[Beowulf] Cluster of Linux and Windows

Geoff Jacobs gdjacobs at gmail.com
Fri Mar 12 17:04:26 PST 2010


Mark Hahn wrote:
>> I am used to work with Arch Linux. What do you think about it?
> 
> the distro is basically irrelevant.  clustering is just a matter of your
> apps, middleware like mpi (may or may not be provided by the cluster),
> probably a shared filesystem, working kernel, network stack,
> job-launch mechanism.  distros are mainly about desktop gunk that is
> completely irrelevant to clusters.

Let's not start the great distro debate again! Suffice it to say that
most distros will work as long as they satisfy your ISV and hardware
requirements.

>> And finnaly, I would like to know if Is it possible to get a Cluster
>> Working
>> with a Server on Arch Linux and the nodes Windows.
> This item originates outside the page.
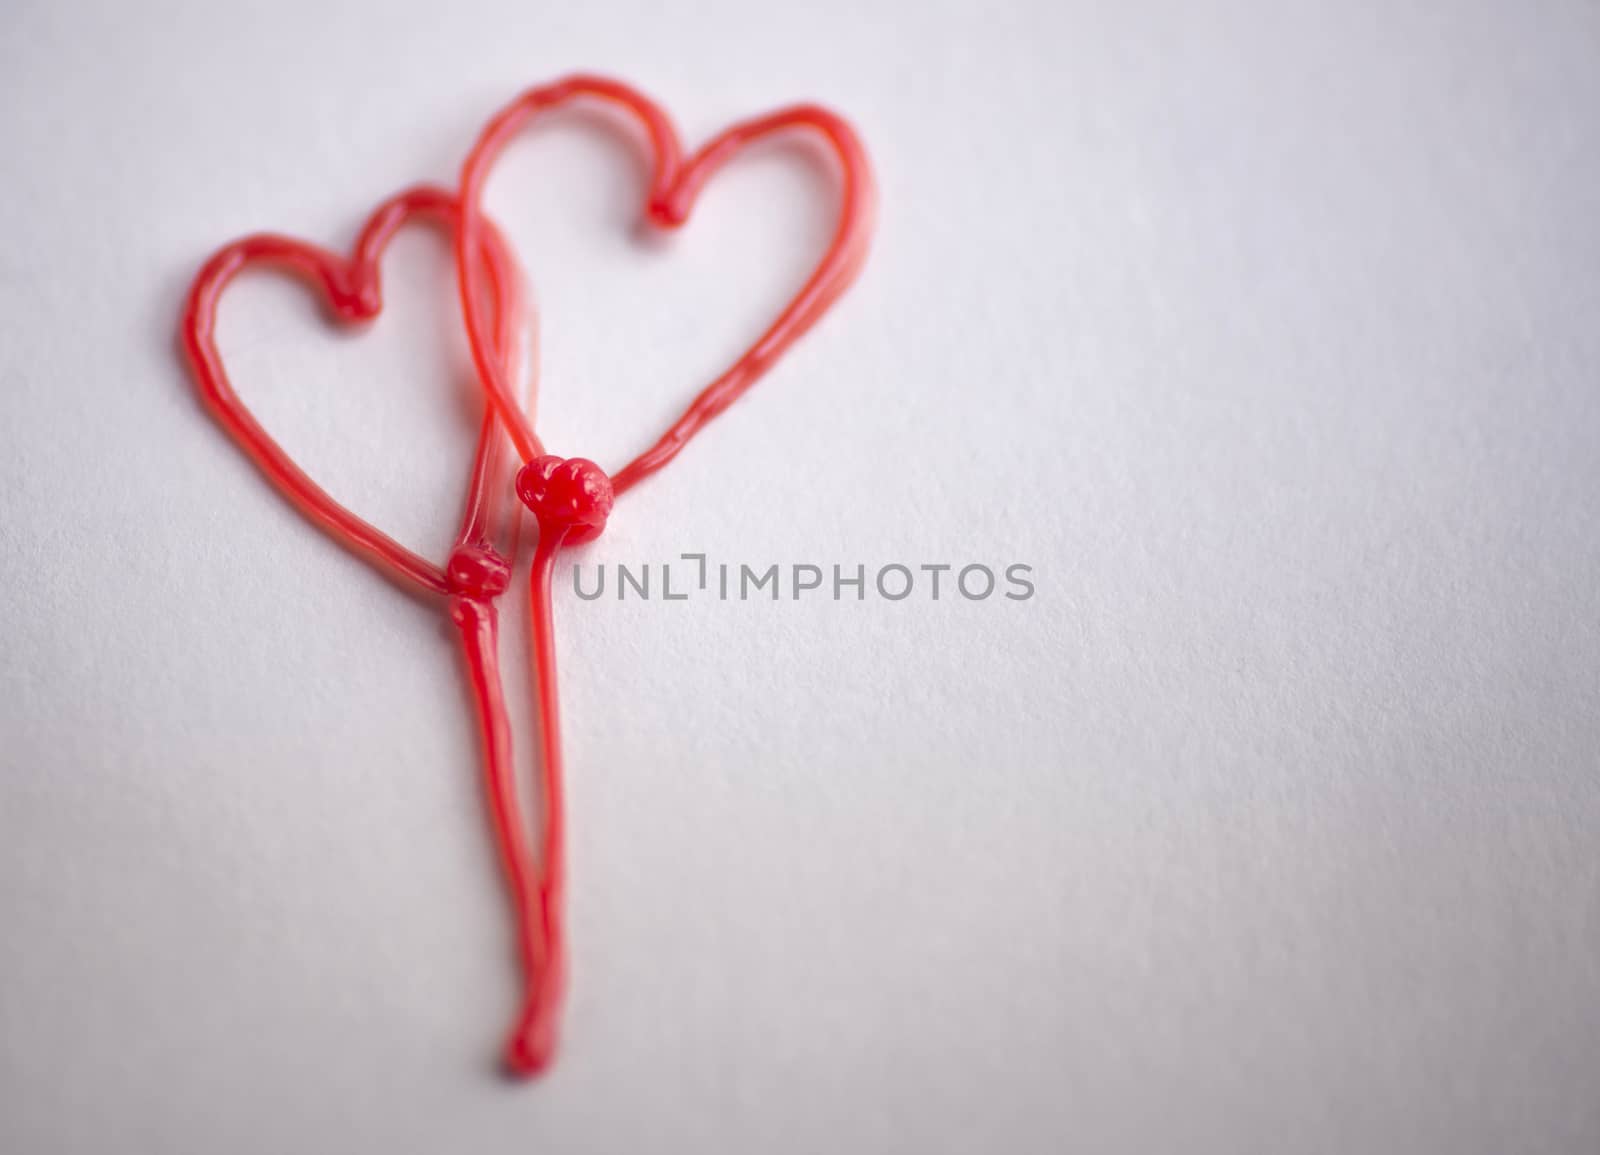 red heart drawn by 3d pen on white background

File server? Sure, Samba is a breeze, not sure if the performance
scaling is there. NFS works, I guess. Windows comes with a client for
it. Authentication? Again, no problem.

I don't mean to be a snob, but this is basic stuff. I'm guessing you're
requirements are more esoteric so please try to be more specific about
them.

> sure, but why?  windows is generally inferior as an OS platform,
> so I would stay away unless you actually require your apps to run
> under windows.  (remember that linux can use windows storage and
> authentication just fine.)

If you look back in the archives of this ML, you'll find a thread from
when Microsoft released their compute cluster product. It covers quite
effectively the positives and negatives of Windows in HPC. Start with
this posting by Jon Forrest.
http://www.beowulf.org/archive/2008-April/021006.html

Do you have an application which can only be run on Windows?
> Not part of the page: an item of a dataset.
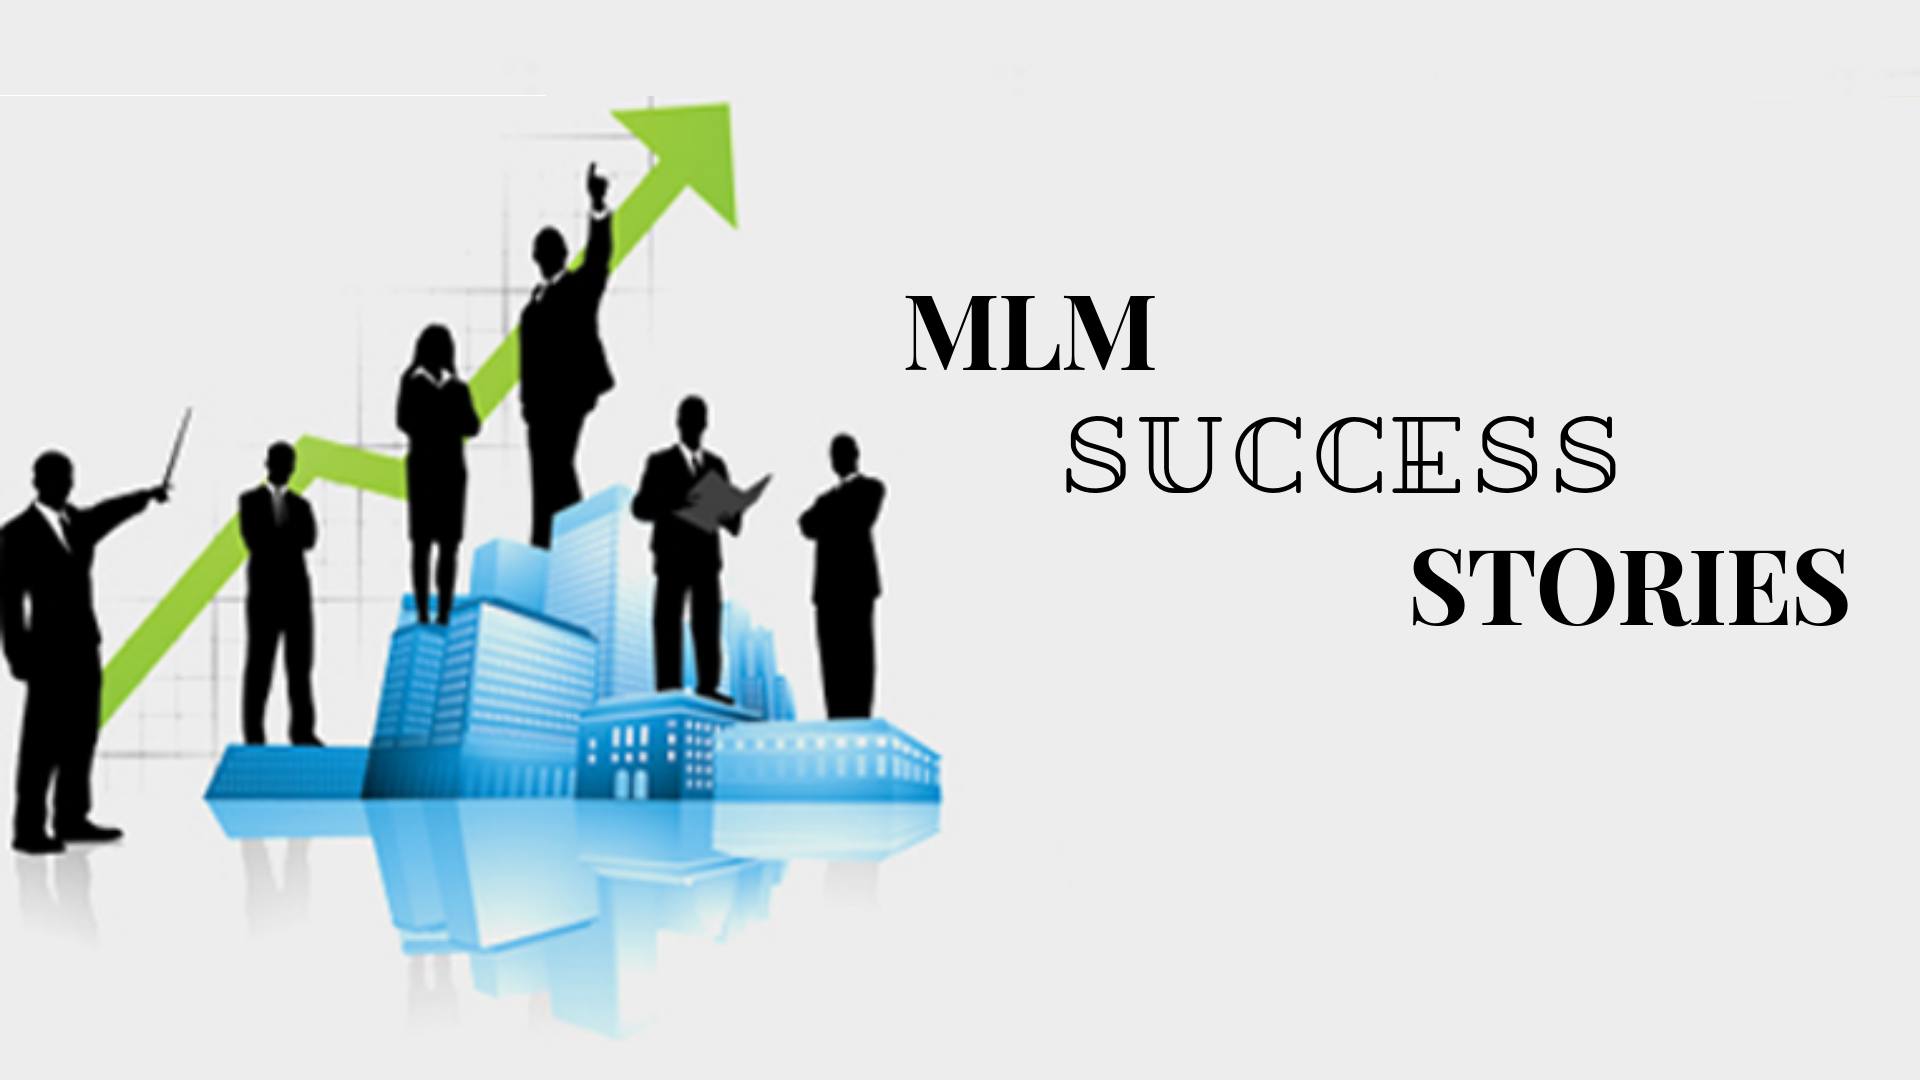 Success Stories and Challenges in MLM Businesses

>> Or even better the nodes without a defined SO.
> 
> SO=Significant Other?  oh, maybe "OS".  generally, you want to minimize
> the number of things that can go wrong in your system.  using uniform OS
> on nodes/servers is a good start.  but sure, there's no reason you can't
> run a cluster where every node is a different OS.  they simply need to
> agree on the network protocol (which doesn't have to be MPI - in fact,
> using something more SOA-like might help if the nodes are heterogenous)

Having as much homogeneity in your cluster as possible will help you
administer it increasingly as a single resource. As Mark said, it's
easier to debug a single set of problems. It's also easier in terms of
infrastructure to maintain a minimal set of images for your clients.

Perhaps you meant something different?